Sir Keir used his first clash with Johnson to demand answers on new figures which showed the UK’s death rate had overtaken Italy for the most deaths in Europe, a statistic that came days after Johnson claimed the UK’s response had been an “apparent success”.
Speaking in the House of Commons, Sir Keir said: “When the prime minister returned to work a week ago Monday he said that many people were looking at the apparent success of the government’s approach.
“But yesterday we learnt, tragically, that 29,427 in the UK have now lost their lives to this dreadful virus. That’s now the highest number in Europe. It’s the second highest in the world.

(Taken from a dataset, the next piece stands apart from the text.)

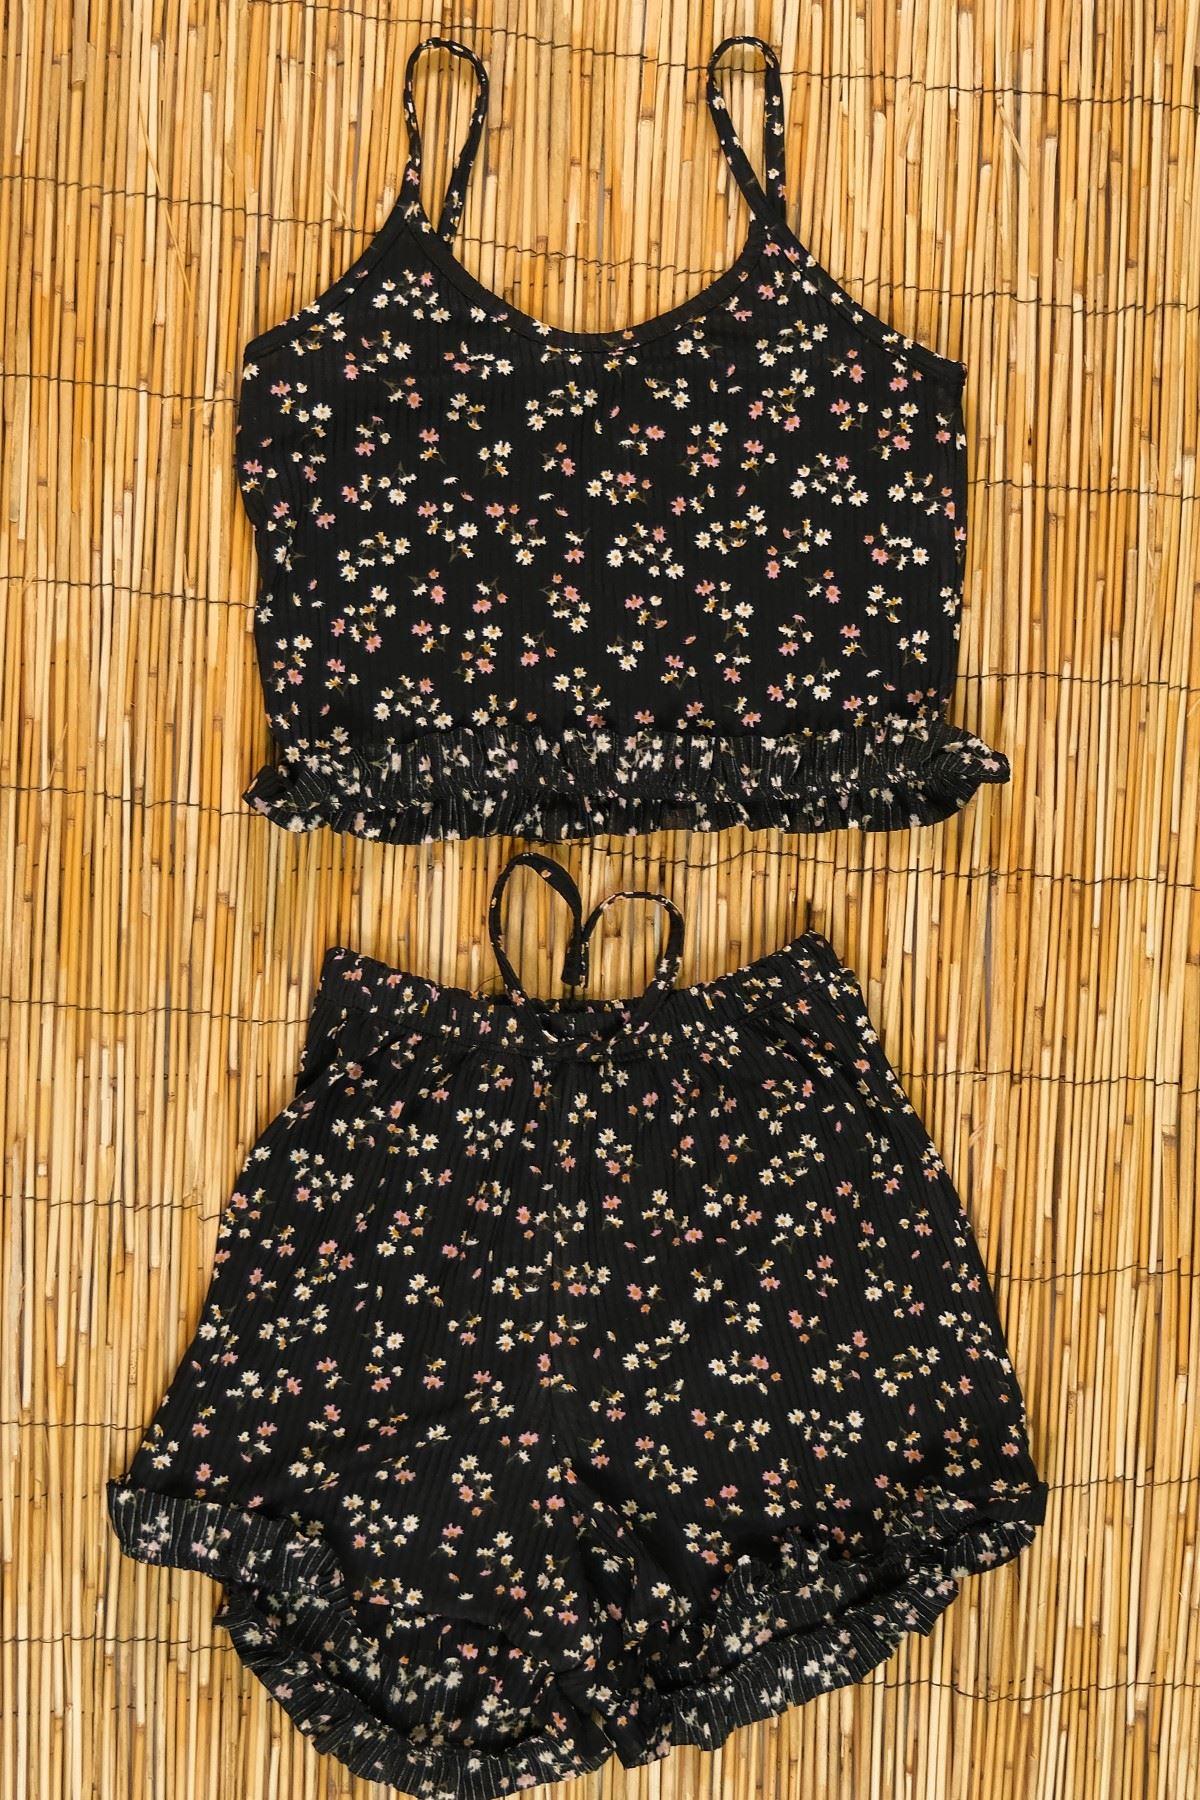 Şortlu Takım Siyahçiçekli - 5237.751.

That’s not success or apparent success.”
Staring at Johnson across the dispatch box, he asked: “So can the prime minister tell us how on earth did it come to this?”
Johnson replied: “Every death is a tragedy and he’s right to draw attention to the appalling statistics, not just in this country but across the world.”
He added: “At this stage I don’t think international comparisons and the data is yet there to draw all the conclusions that we want.”
Sir Keir challenged Johnson, saying his comments “did not hold water”. Holding up a copy of a slide of global covid-19 death counts shown at daily Downing Street press briefings, he said: “Mr speaker, the argument that international comparisons can’t really be made when the government has been using slides like this for weeks just does not hold water.
He added: “I’m afraid that many people are concluding that the answer to my question is that the UK was slow into lockdown, slow on testing, slow on tracing, and slow on the supply of protective equipment.”
Johnson earlier defended the government’s decisions, stressing they were taken to “save lives and to protect our NHS”.
“I believe there will of course be a time to look at what decisions we took and whether we could have taken different decisions,” the prime minister added, “but I have absolutely no doubt that what the people of this country want us to do now is to suppress the disease, keep suppressing the disease and to begin the work of getting our country’s economy back on its feet.”